Те идиоты-интели, что вылезли позже, в восьмидесятые, даже и слышать не хотели о том гигантском труде по вытравливанию этой психологии раба, что провели большевики. И что эта работа и достигнутый результат целиком и полностью были их заслугой.
Эти идиоты считали, что всё изначально было так, как они видели вокруг себя. И искренне считали все мерзости, что творили такие вчерашние рабы в двадцатые-тридцатые, исключительно «заслугой большевиков». Считали, что «если бы сохранилась та, царская Россия, то все было бы иначе». Они и слушать не хотели про то, что пришлось сделать тем самым большевикам, чтобы поднять не маленькую часть — элиту, а весь народ, до высот культуры. Более того! Они это возвышение целого народа ставили им в вину. Типа: разрушили старую культуру.
Ага. Вот эту — кланяйся, пресмыкайся, пред сильным и начальником и гноби тех, кто под тобой.
И эти же му…ки, не замечали, что «возрождают в народе» не «истинную культуру» а всё ту же рабскую, которую с таким трудом и то не до конца изничтожили большевики.
Хотелось плеваться.
Но…
Наблюдая за реакцией «котят» Василий не мог не заметить: мальчик вёл себя более раскованно и, с большим достоинством, нежели старшая сестра. Чувствовались воспитательные усилия Натин. У сестры же, похоже, все эти реакции крестьянки на «бар» вступили уже в стадию окостенения. И ей было гораздо труднее адаптироваться к новому статусу. Впрочем, это было понятно.
Ну и совсем ярким было появление младшей.

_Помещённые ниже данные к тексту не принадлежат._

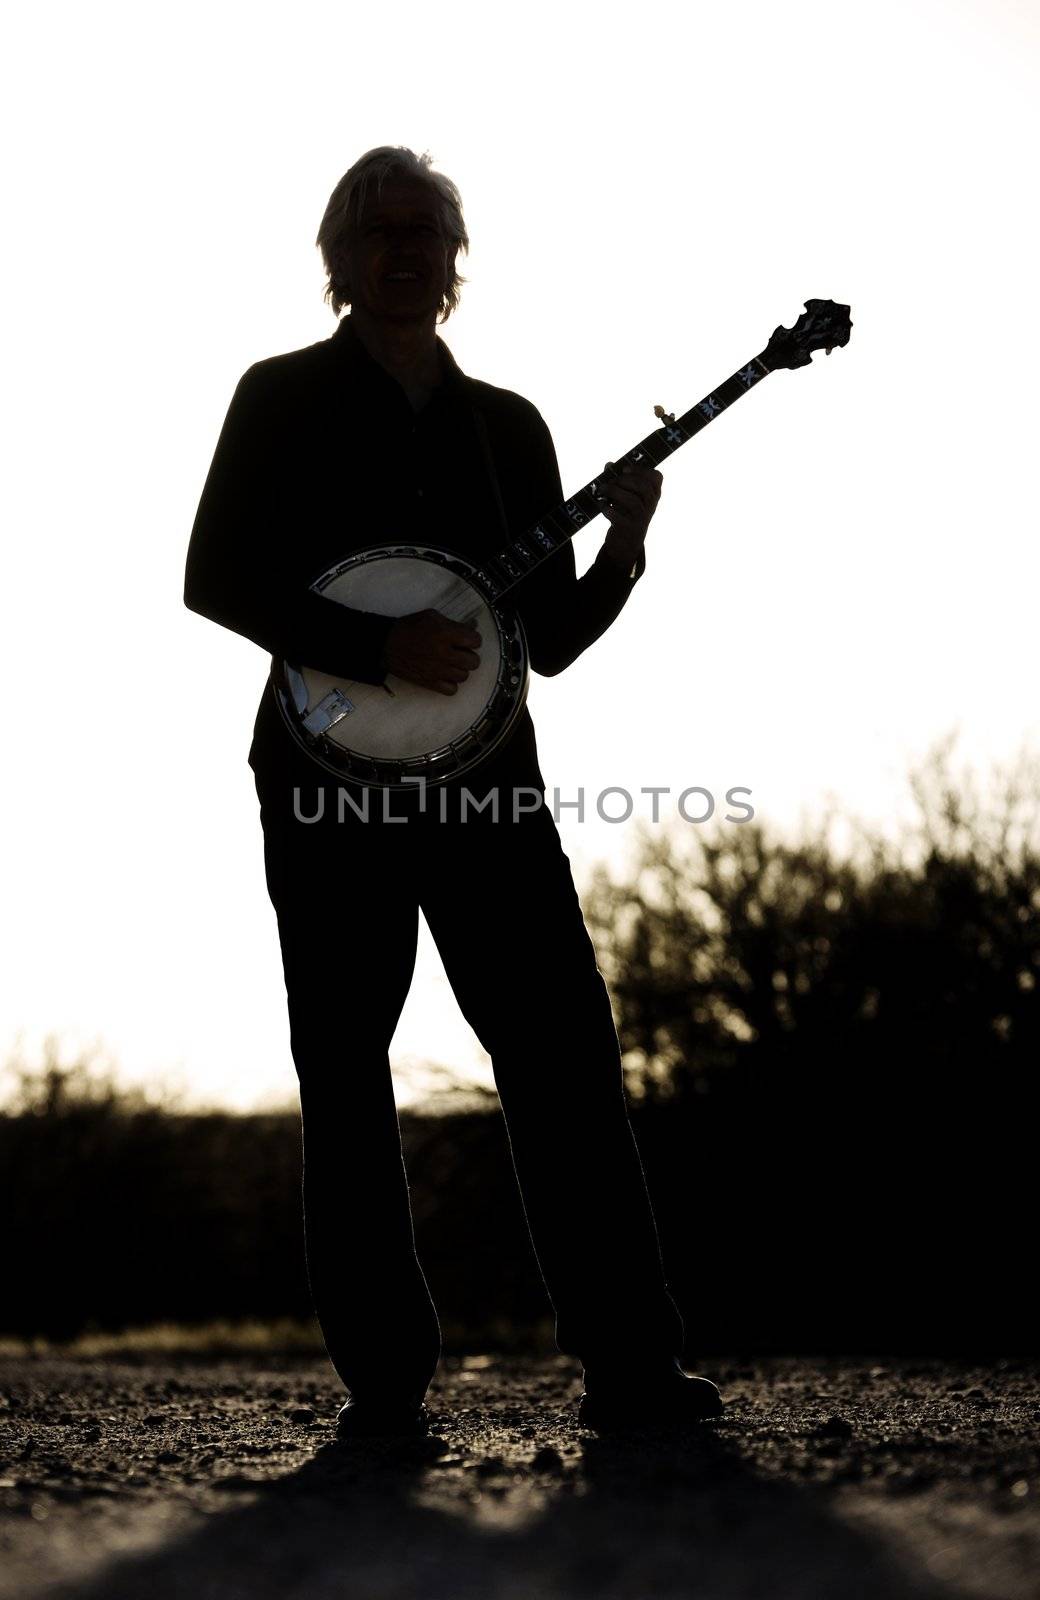 Banjo player with his instrument in silhouette
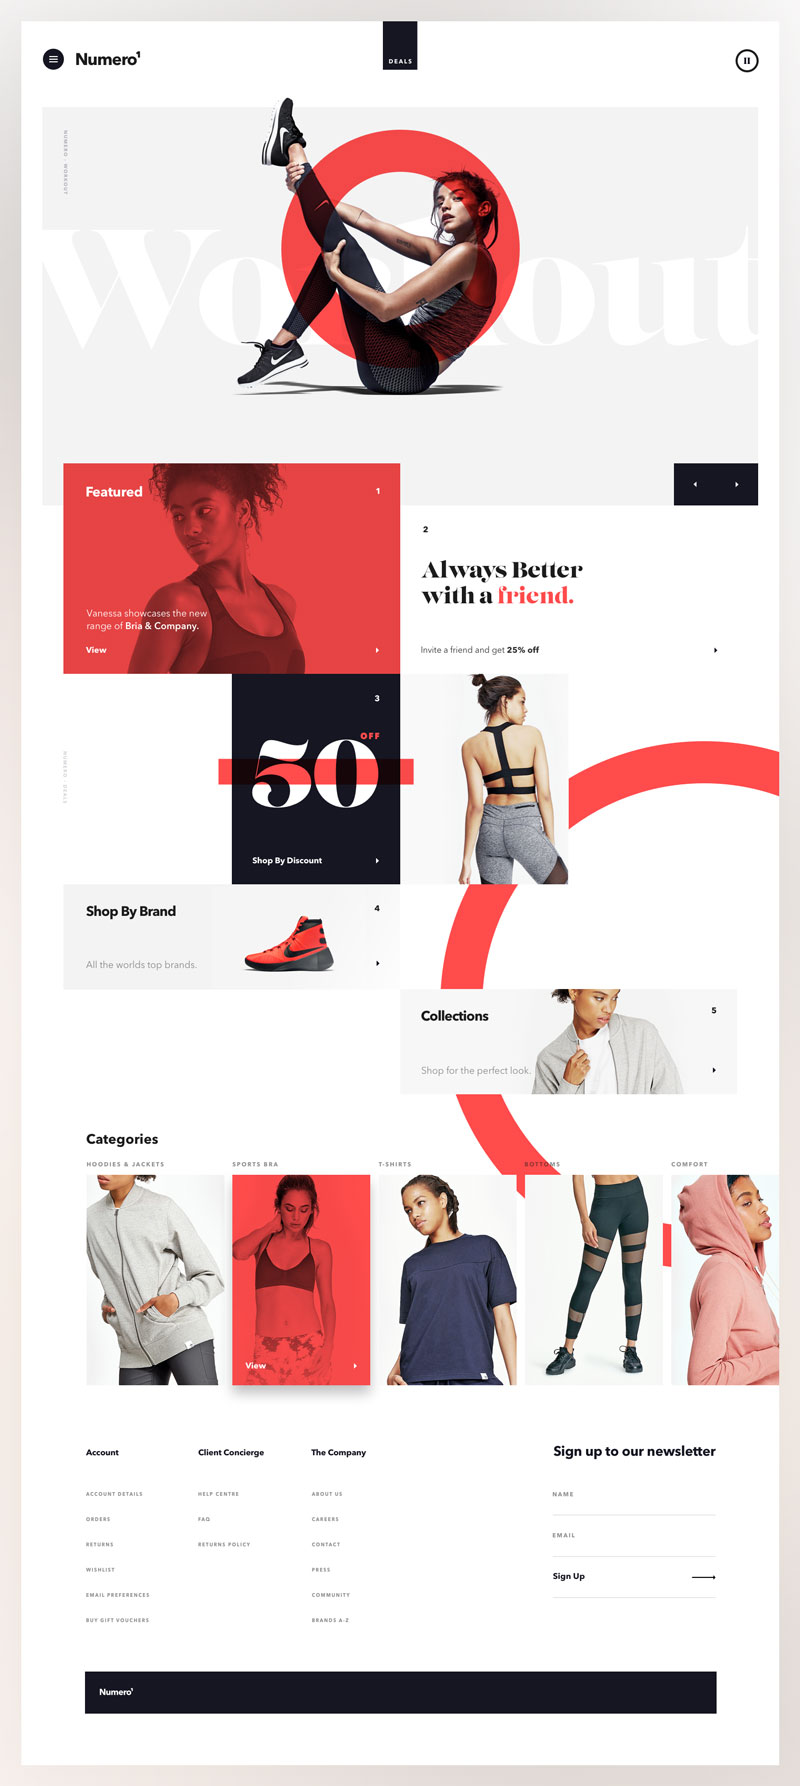 Website Design Inspiration for Products

С радостными визгами и подпрыгиваниями, из коридора вылетел комок такой радости, что Василий аж подпрыгнул.
Младшая подбежала к Василию, и глядя снизу вверх, подпрыгивая стала что-то лопотать. Старшая с исказившимся ужасом лицом кинулась было, за ней, оттащить от греха подальше. Но Василий её остановил.
Присел на корточки, достал конфету и протянул малявке.
Та с готовностью сцапала сладость и тут же отправила её в рот. То, с какой ловкостью она освободила её от обёртки, говорило, что опыт в обращении с такими подарками она уже имеет и богатый.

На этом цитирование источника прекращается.